Haddon has a precise command of the simple power of language. Christopher's narrative isn't at all straightforward, but the detours he takes are fascinating and evocative, fractal reflections of events that are clearly beyond the ken of the speaker. Moreover, Christopher's realizations of concepts we take for granted are both pithy and funny. For example, early in the narrative Christopher talks about prime numbers, because as a math savant he knows every prime number up to 7,057. "The rule for working out prime numbers is really simple, but no one has ever worked out a simple formula for telling you whether a very big number is a prime number or what the next one will be.... Prime numbers are what is left when you have taken all the patterns away. I think prime numbers are like life. They are very logical, but you could never work out all the rules, even if you spent all your time thinking about them." Haddon includes lots of entertaining and nicely drawn diagrams to accompany Christopher's asides. They're definitely an appealing part of the novel.

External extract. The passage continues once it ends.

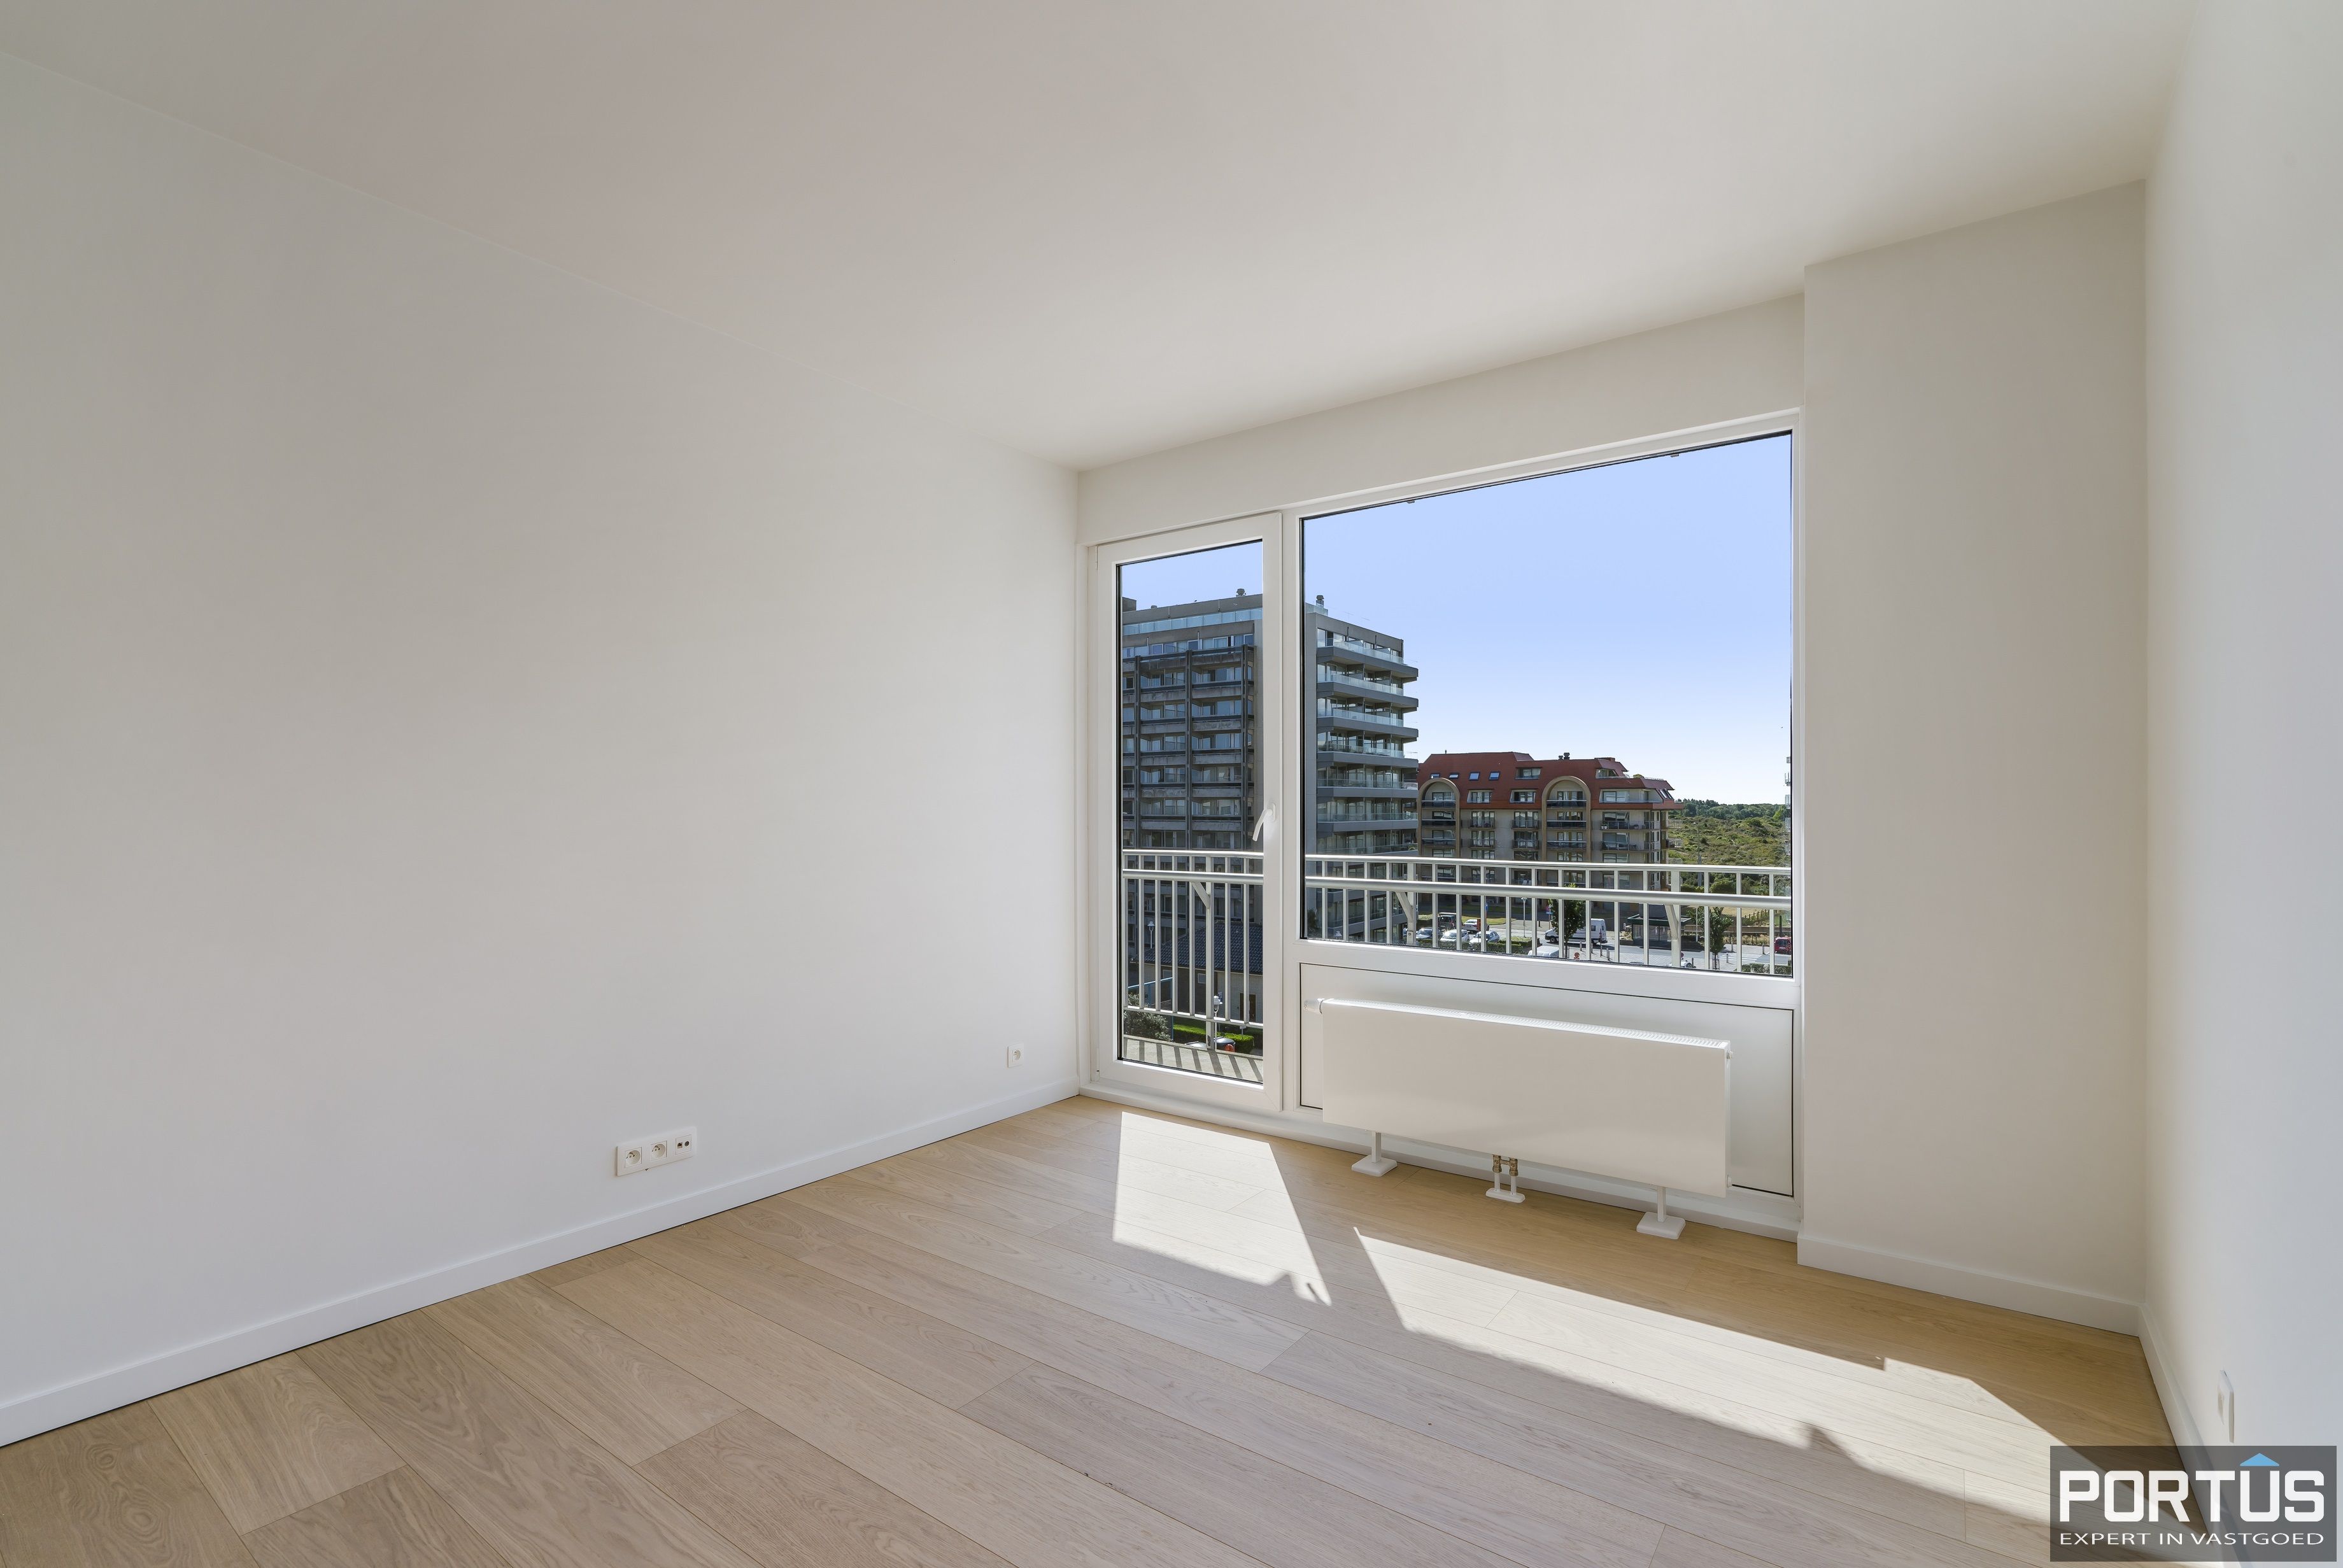 Exclusief appartement met frontaal zeezicht te koop te Nieuwpoort - 15599

But as Christopher's investigation takes one unexpected turn after another, the boy himself grows. Though the changes are tiny, they seem startling and significant in the restricted scope of the story. Haddon is careful to ratchet back the growth, however. He doesn't give the dysfunctional child a miracle cure. It's up to the reader to decode and note Christopher's reports of the times that he simply lies down and screams, or rocks and groans quietly to himself. It takes an effort to cast one's self out of the child's viewpoint and remember that these behaviors, which may last for hours, cause parents and those around Christopher tremendous discomfort and upset even though they're just another simple event as dispassionately rendered by Christopher.

Haddon's novel takes the reader on a fascinating, funny and emotionally wrenching journey in an unexpected direction as Christopher continues his investigation. He uses all the tools of detection in a naïve fashion that seems refreshingly pure. The mystery here isn't what we expect it to be, which means that it lives up to its genre. But 'the curious incident of the dog in the night-time' is not a genre-bound mystery. It has all the elements that make great fiction; it's the kind of novel that deserves to be a bestseller because it has a wide potential appeal. It has something else beyond that. Haddon's novel is the kind of book that you can pick up in your local independent bookstore and read ten pages before you know it. Nothing will serve the reader better than to actually read the novel itself. It's that simple.